Para os habitantes do povoado
paraguaio esse interminável rastro de fogo era o anúncio resplandecente do fim do mundo. Foi nesse tempo de medo e
de seca que encontraram Gaspar Mora morto, perto do leito sem água do riacho. Maria
Rosa, o havia procurado, em vão, e nessa busca se perdera no mato, a tristeza
lhe extraviando a alma, na certeza de que ele fora levado pelo Cometa e que o
Cometa o iria trazer de volta.
No
romance de Maria Cristina Cavalcanti de Albuquerque, a loucura de Maria Aquina
começou a se mostrar ao aparecer, no céu, o Cometa. Assim o diz Dona, a
narradora, que antes de contar sobre a prima, se detém a descrevê-lo: Quando ele se mostrava completamente, cobria
o céu como o rabo de um pavão encantado. Sua cabeça erguia-se ao norte do
horizonte, indecisa e pesada. Nela não se via maior beleza. Mas, pouco a pouco,
à medida que ia escurecendo, ele começava a acender a cauda até o meio do céu,
derramando-se em luminosidade e cor. Abria seu leque esplêndido e
fantasmagórico. O poente ficava completamente irisado com sua presença,
destacando fortemente os crepúsculos que se formavam. Quando as duas luzes se
encontravam – a do sol, retirando-se grave e decadente, e a do cometa que se
acendia renovado e brincalhão – assistia-se a um fugaz momento de beleza quase
sobrenatural. Um véu de noiva foi o que nessa beleza viu Maria Aquina. Porém,
ao escutar a frase que se quer
espirituosa, dita pela sua prima, Casamento
e mortalha no céu se talha, nela se deixa envolver para vislumbrar o futuro
que irá enovelar no Cometa: - Pois assim
será no dia de minha morte. Despida. Nua. Apenas envolta no seu véu.
Eternamente noiva do cometa.

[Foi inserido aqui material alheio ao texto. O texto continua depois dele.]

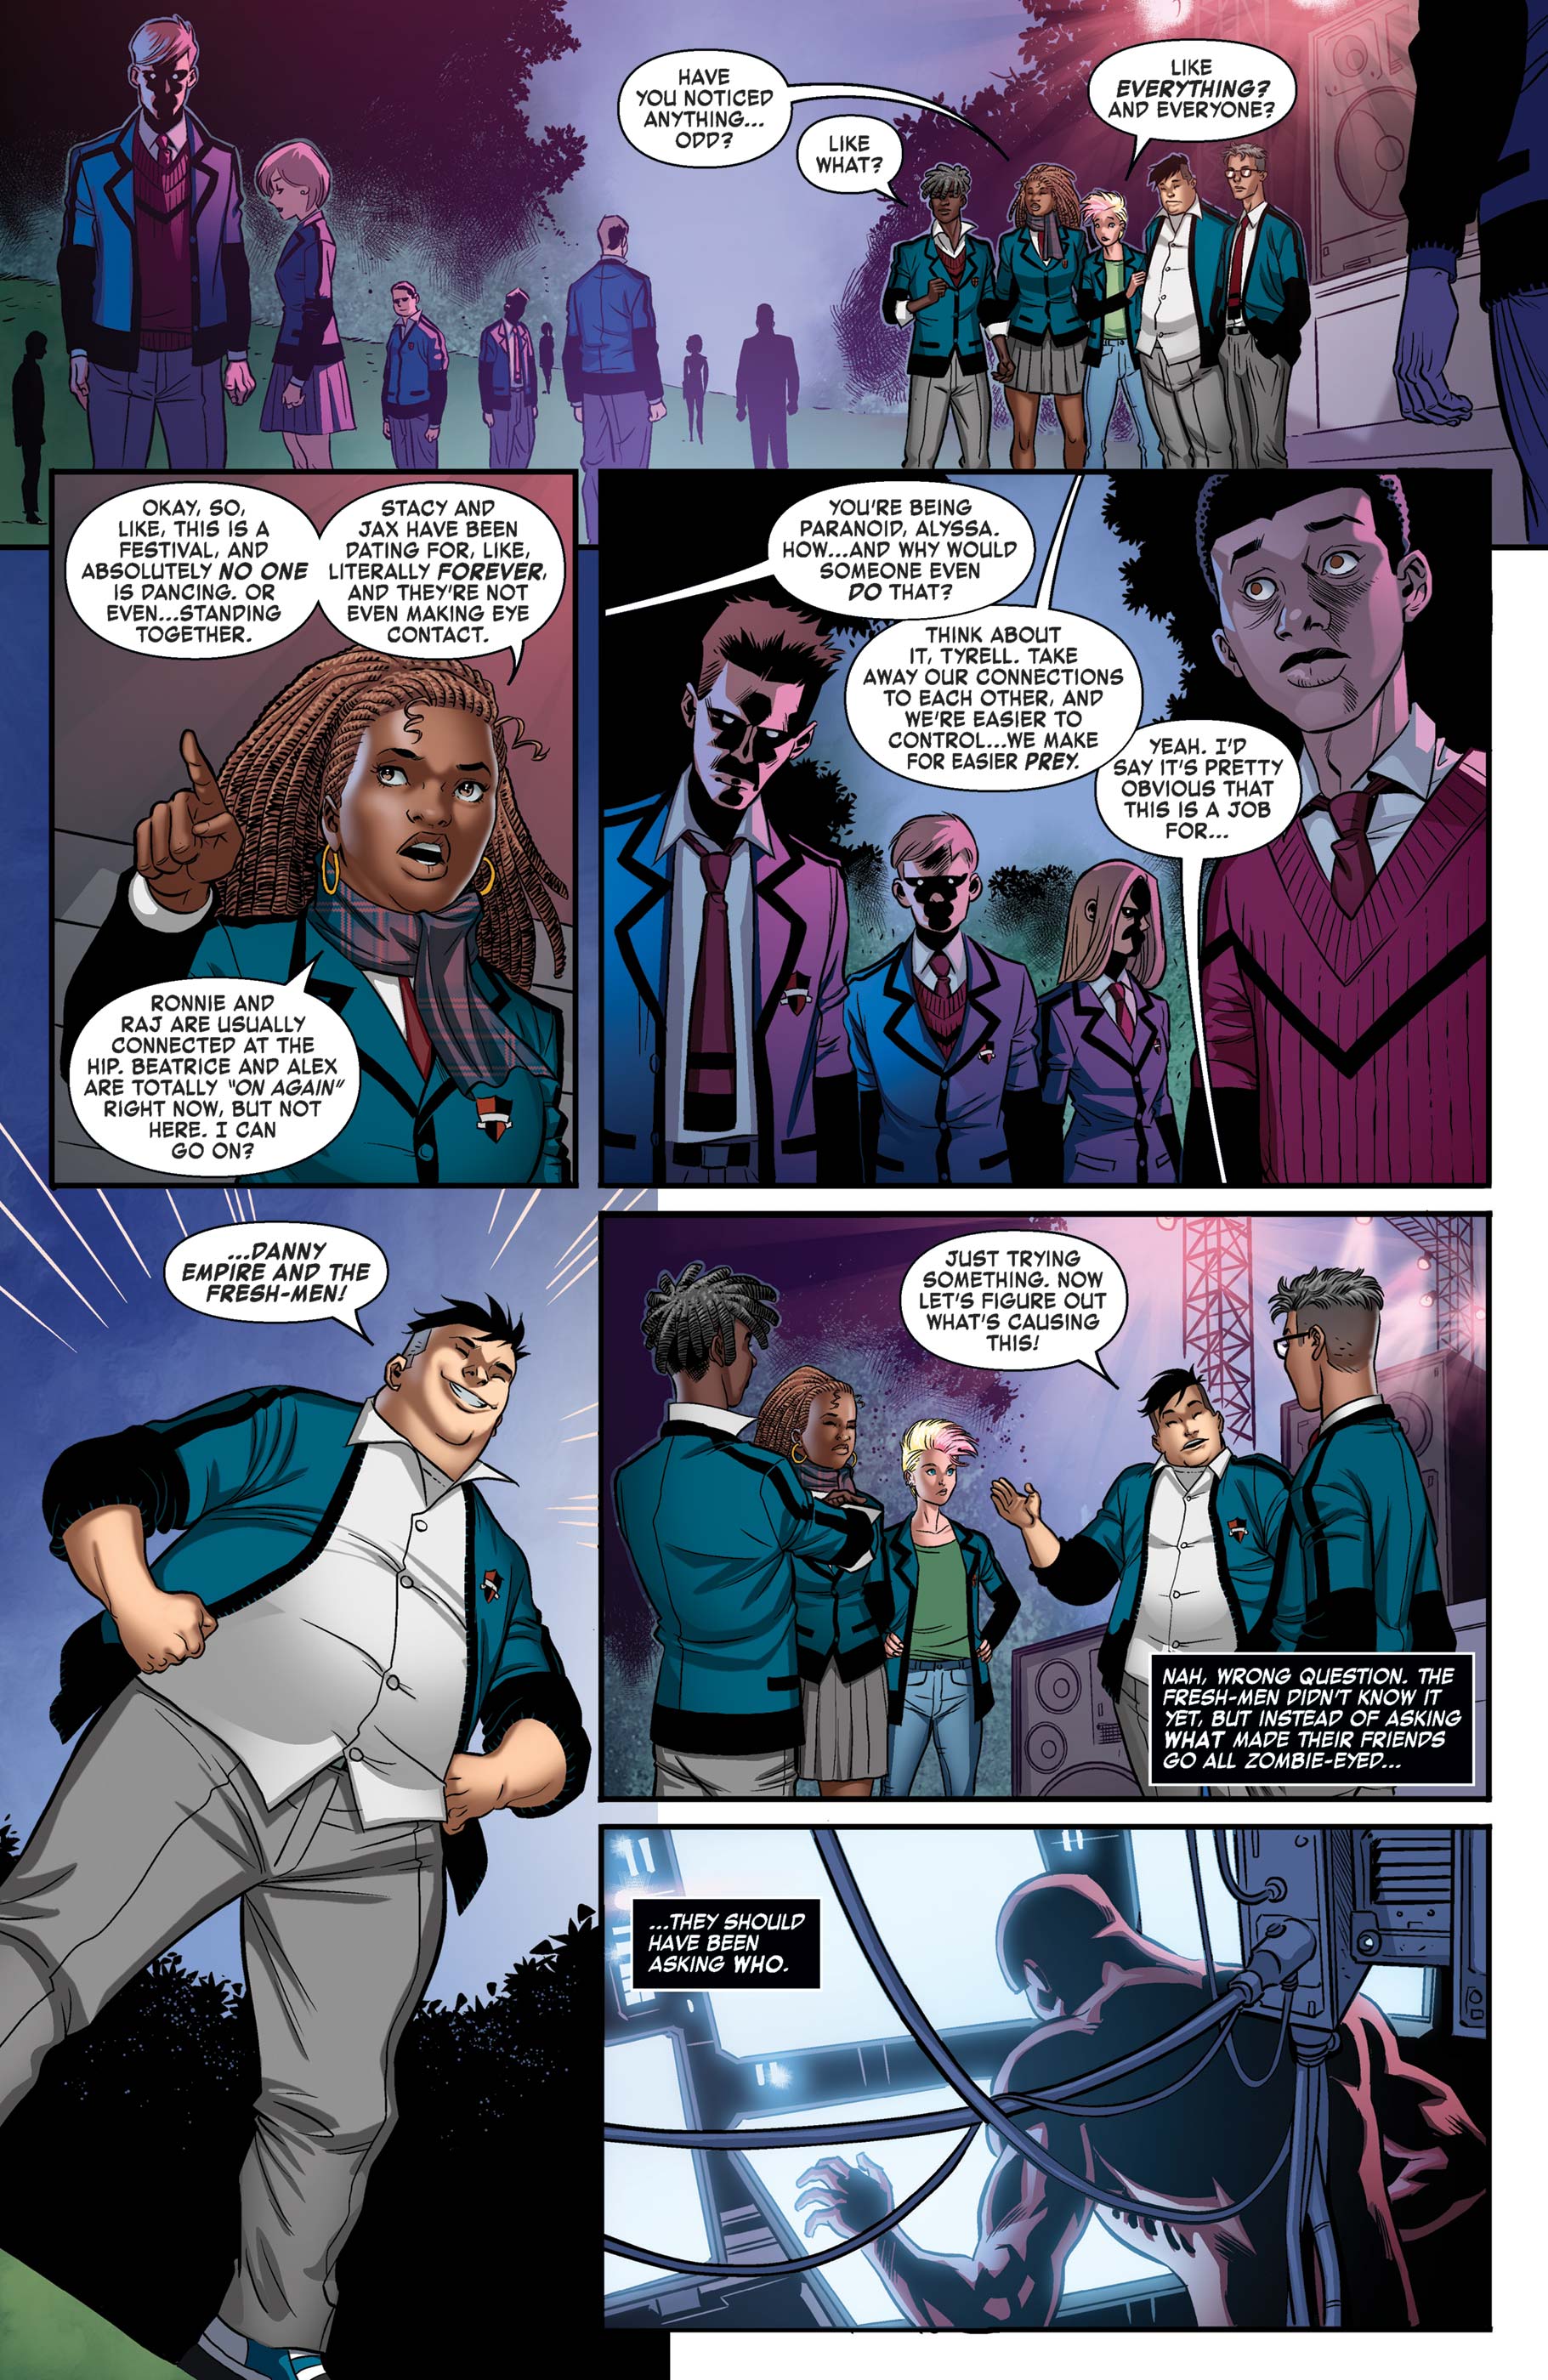 AXE: The Freshmen Issue Featuring The Avengers Full Page 5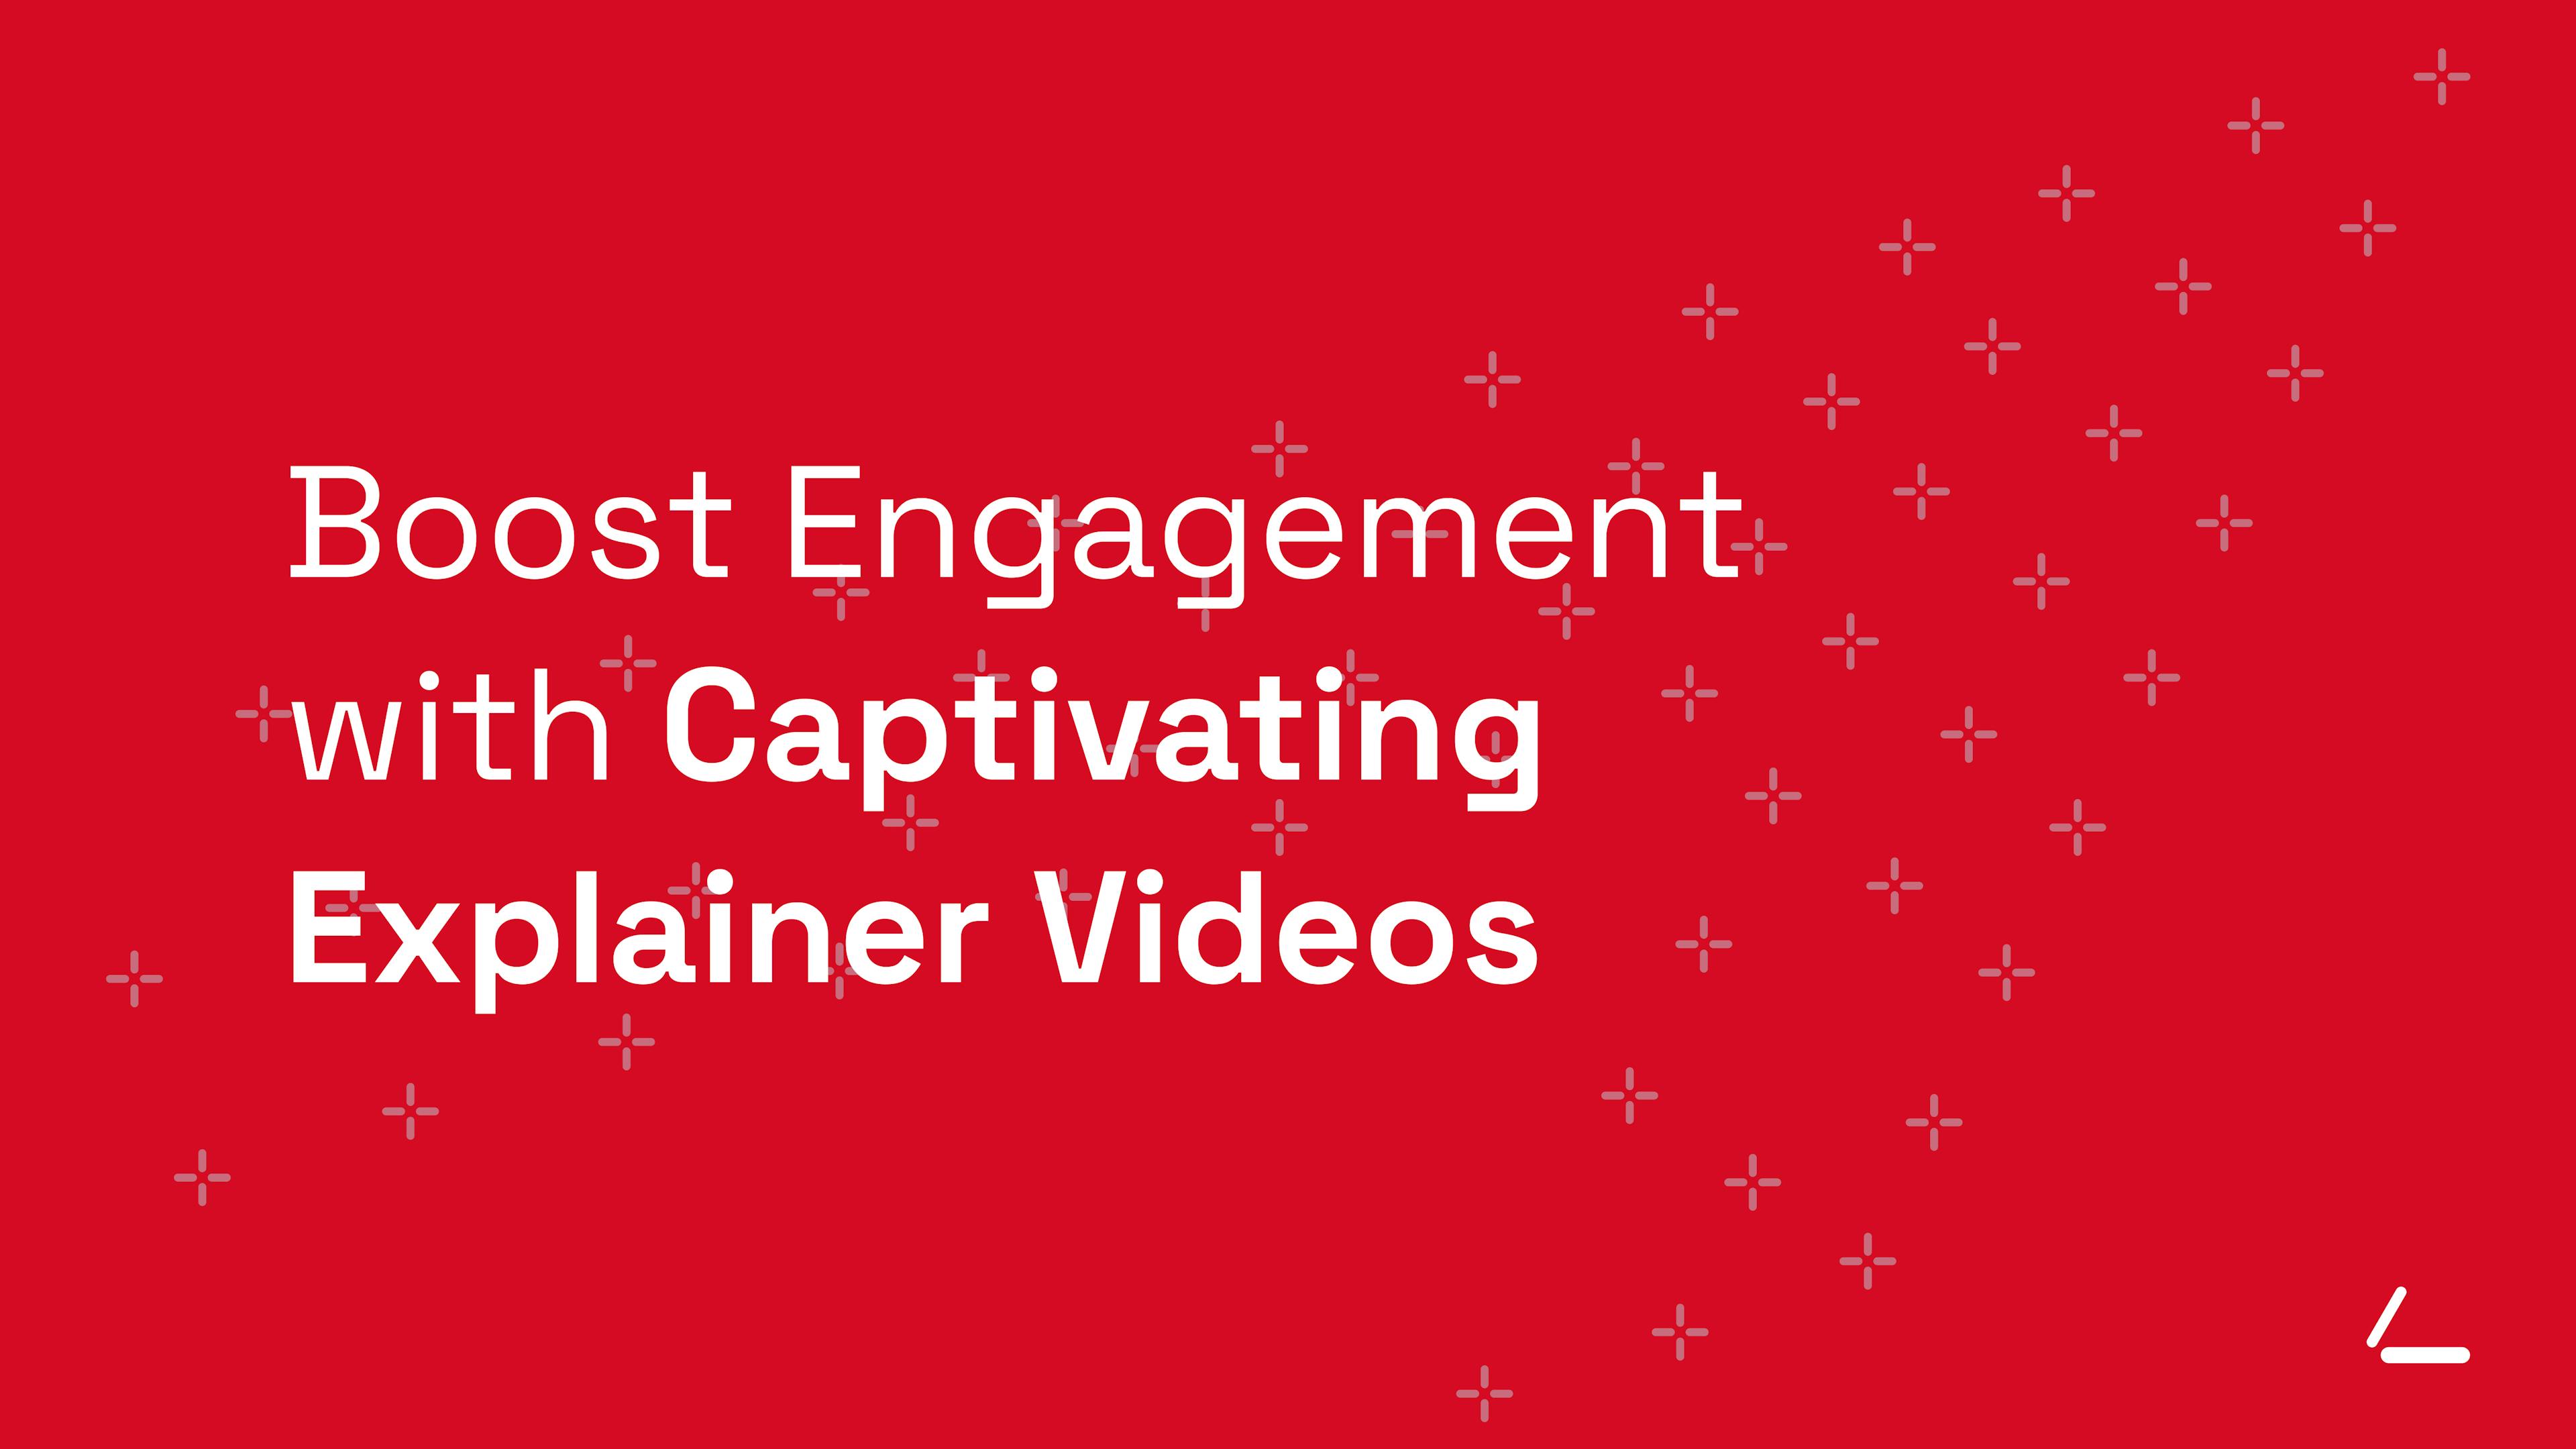 SEO Article Header - Red background with text about creating captivating explainer videos.

Viajando com ele por seu infinito. Incompleta e
libertada. Meu véu de noiva! Minha mortalha! Perseguindo esse desejo – corria nua em busca do horizonte –
viu-se privada de viver. Pela família, cheia de vergonha, foi trancafiada num
quarto e, para impedir que batesse na porta, a cobriram de pregos pontudos.
Depois, lhe acorrentaram os pés. Morta, vestiram-na com reles seda rala, pobre mortalha roxa indigna de quem
desejara ser enterrada envolta no rastro
de um cometa.
Subjugada,
Maria Rosa, à pobreza e à solidão, ela vive, somente, na espera insana dessa
volta impossível do homem que ama; prisioneira, Maria Aquina, dos preconceitos
de uma família que se quer de elite, pretende outra vida e não aquela que lhe
traçaram. Reais ou inventadas por escritas tão díspares – no espaço, no tempo,
nas intenções – que as fizeram personagens de ficção, elas se assemelham ao
buscar refúgio na grandiosa luz do Cometa. E nesse incomensurável desamparo a conduzi-las
à louca esperança de ser feliz.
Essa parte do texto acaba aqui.